Available records:
◇ ◇ ◇ ◇
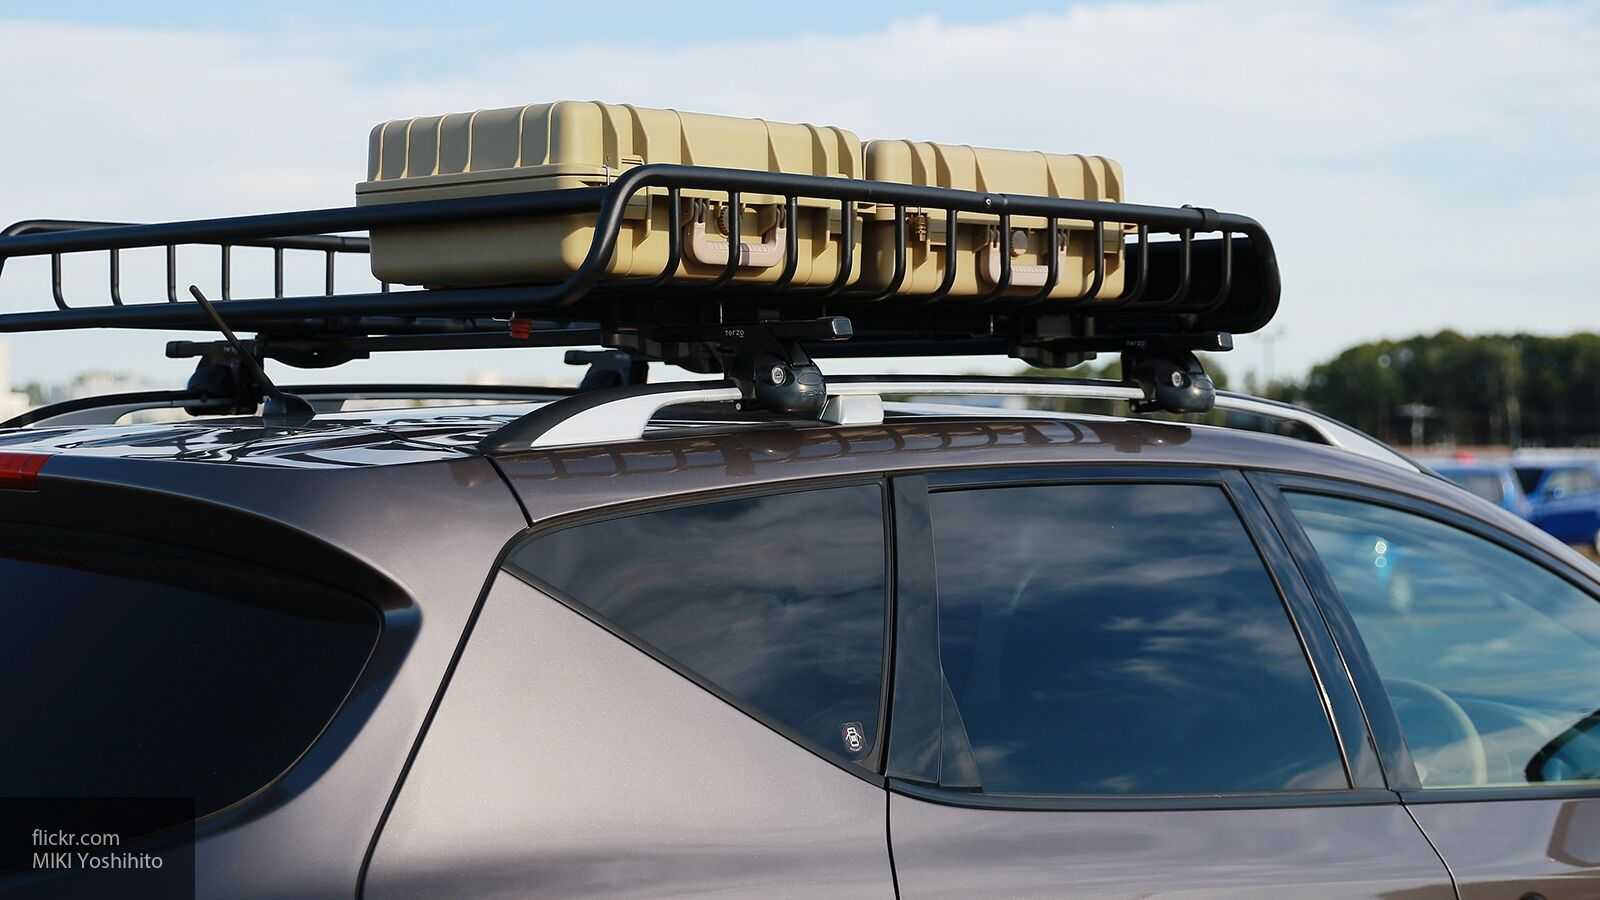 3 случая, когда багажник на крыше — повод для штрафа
◇ ◇ ◇ ◇
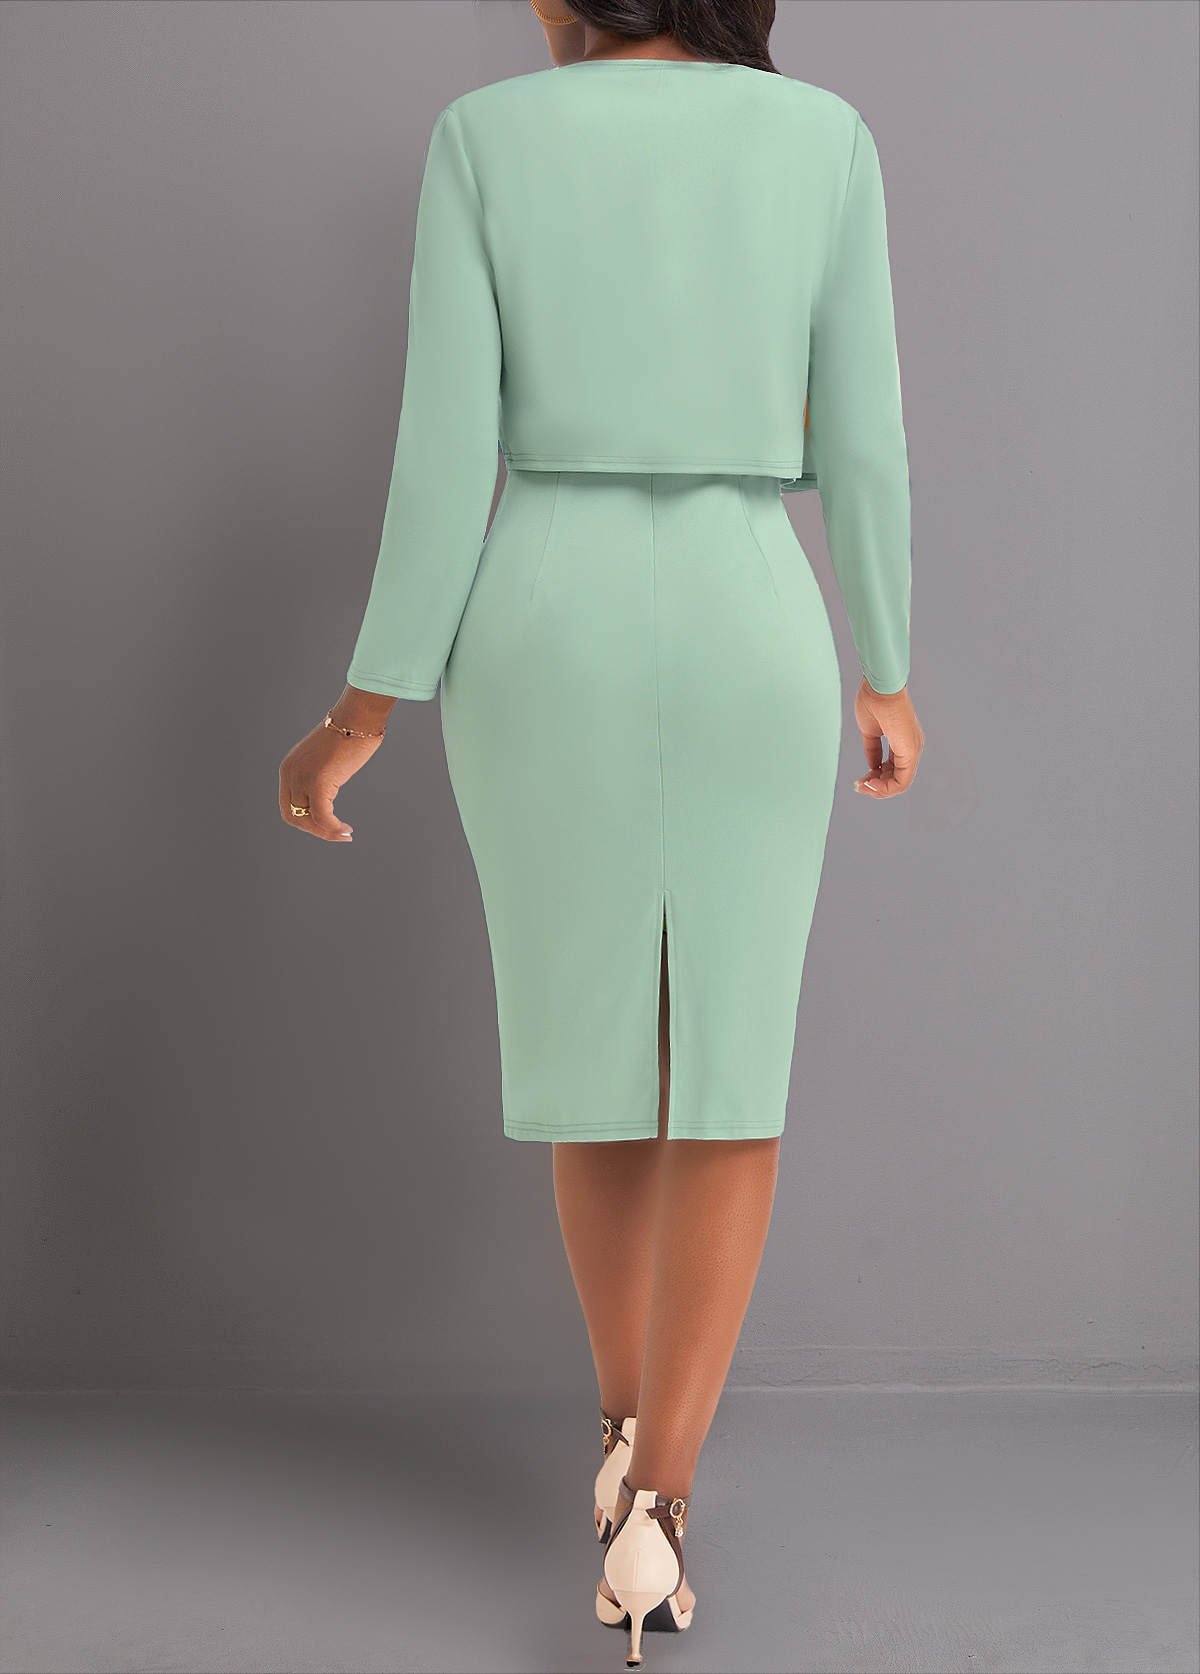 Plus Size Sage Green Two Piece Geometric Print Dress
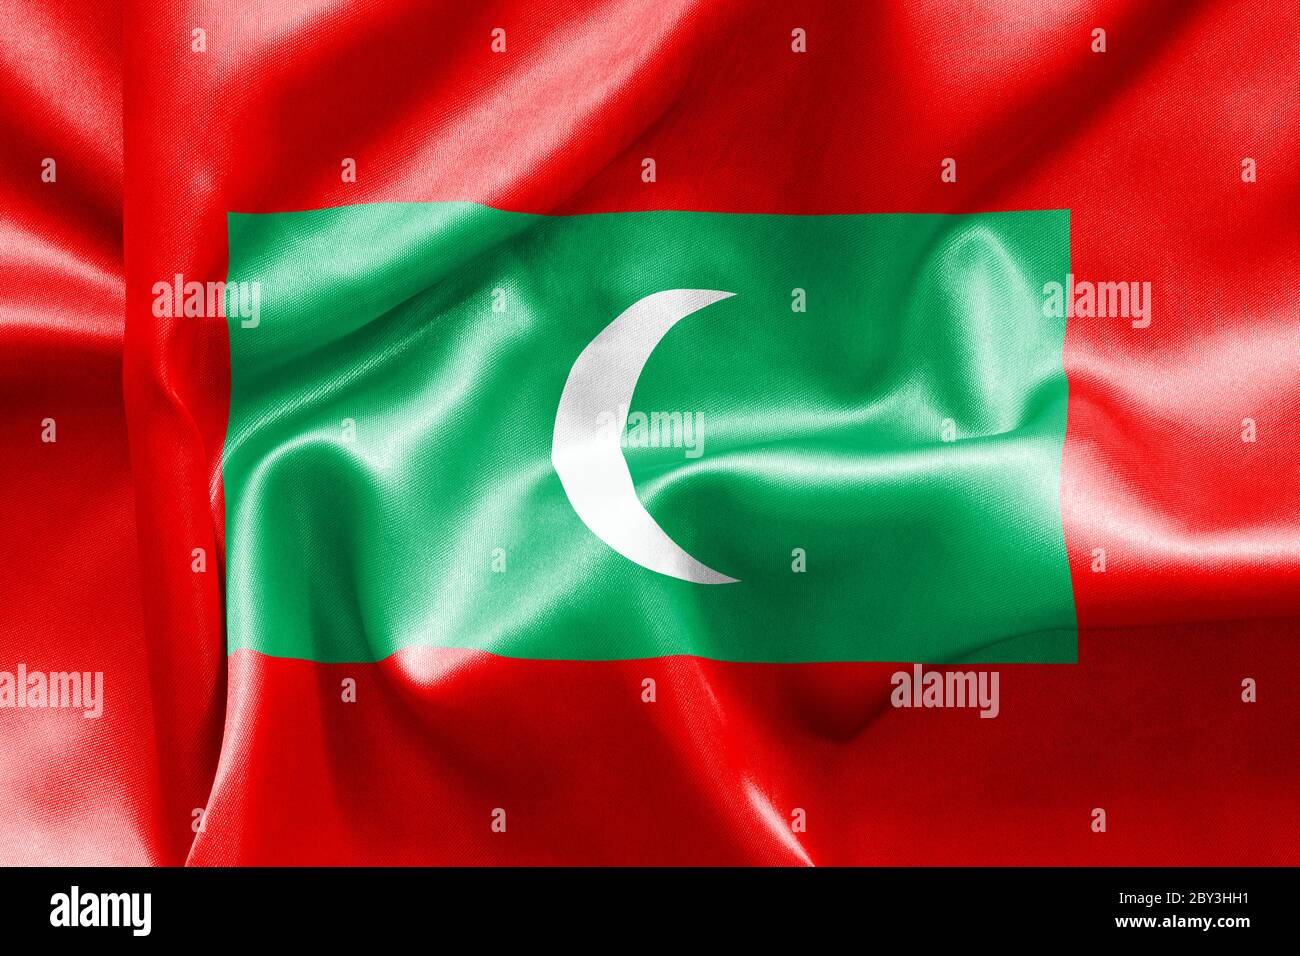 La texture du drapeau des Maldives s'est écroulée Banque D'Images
◇ ◇ ◇ ◇
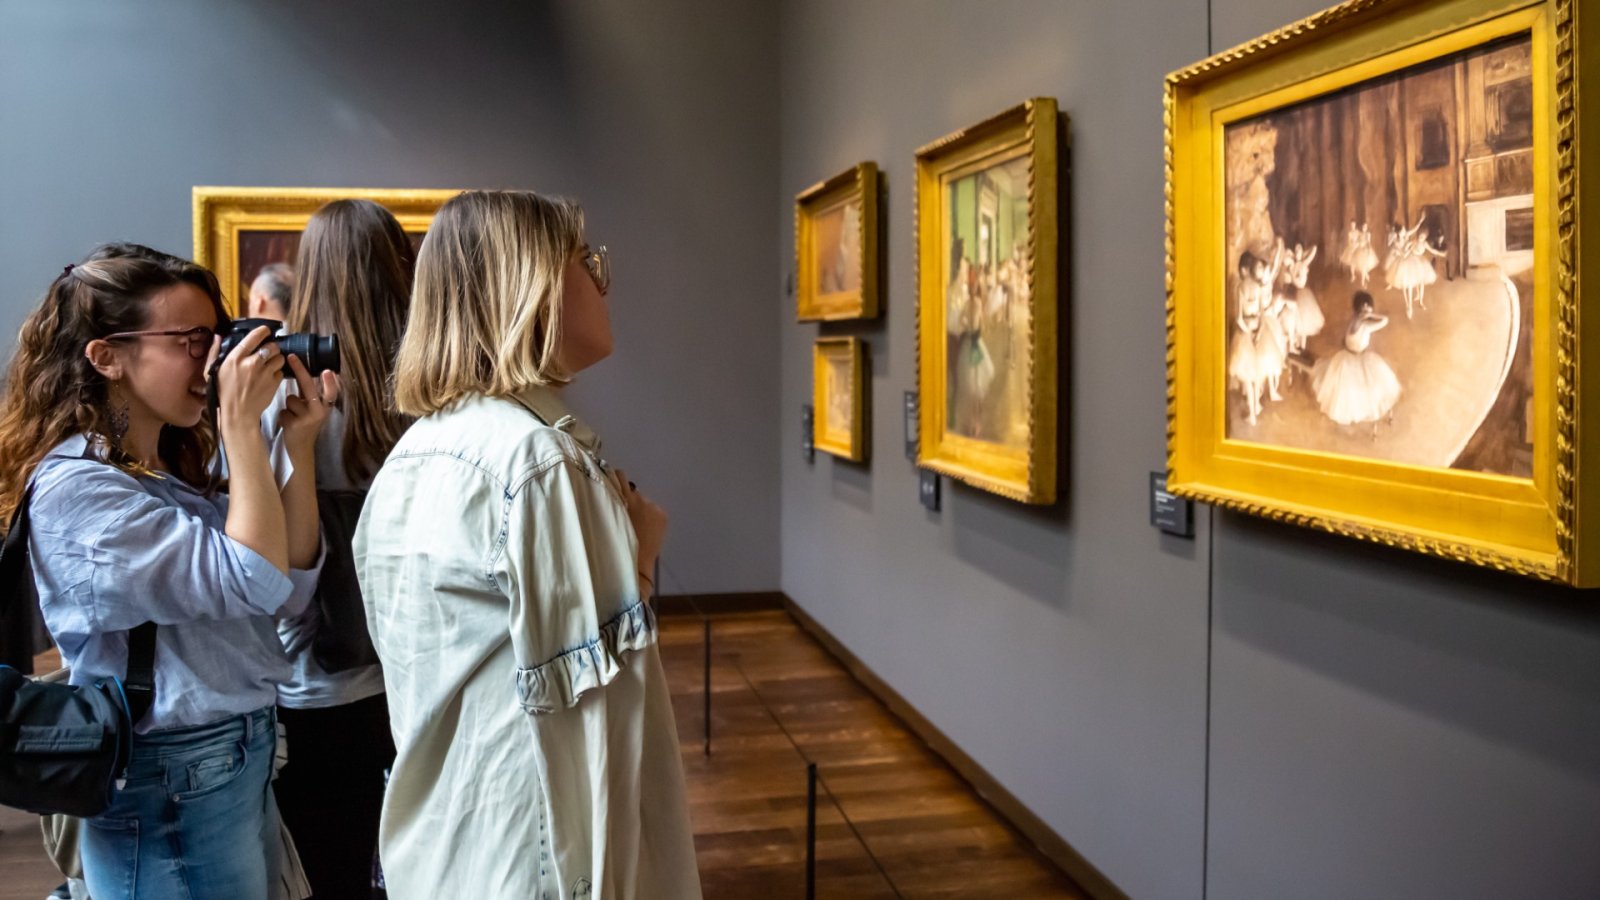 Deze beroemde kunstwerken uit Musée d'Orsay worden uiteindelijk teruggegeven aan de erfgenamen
◇ ◇ ◇ ◇
Aim of the exercise: Repeat, without pictures, exactly the lines of the data above from the one containing "Plus Size Sage" through the one containing "La texture du", including both and adding nothing.

Response area:
 Plus Size Sage Green Two Piece Geometric Print Dress
 La texture du drapeau des Maldives s'est écroulée Banque D'Images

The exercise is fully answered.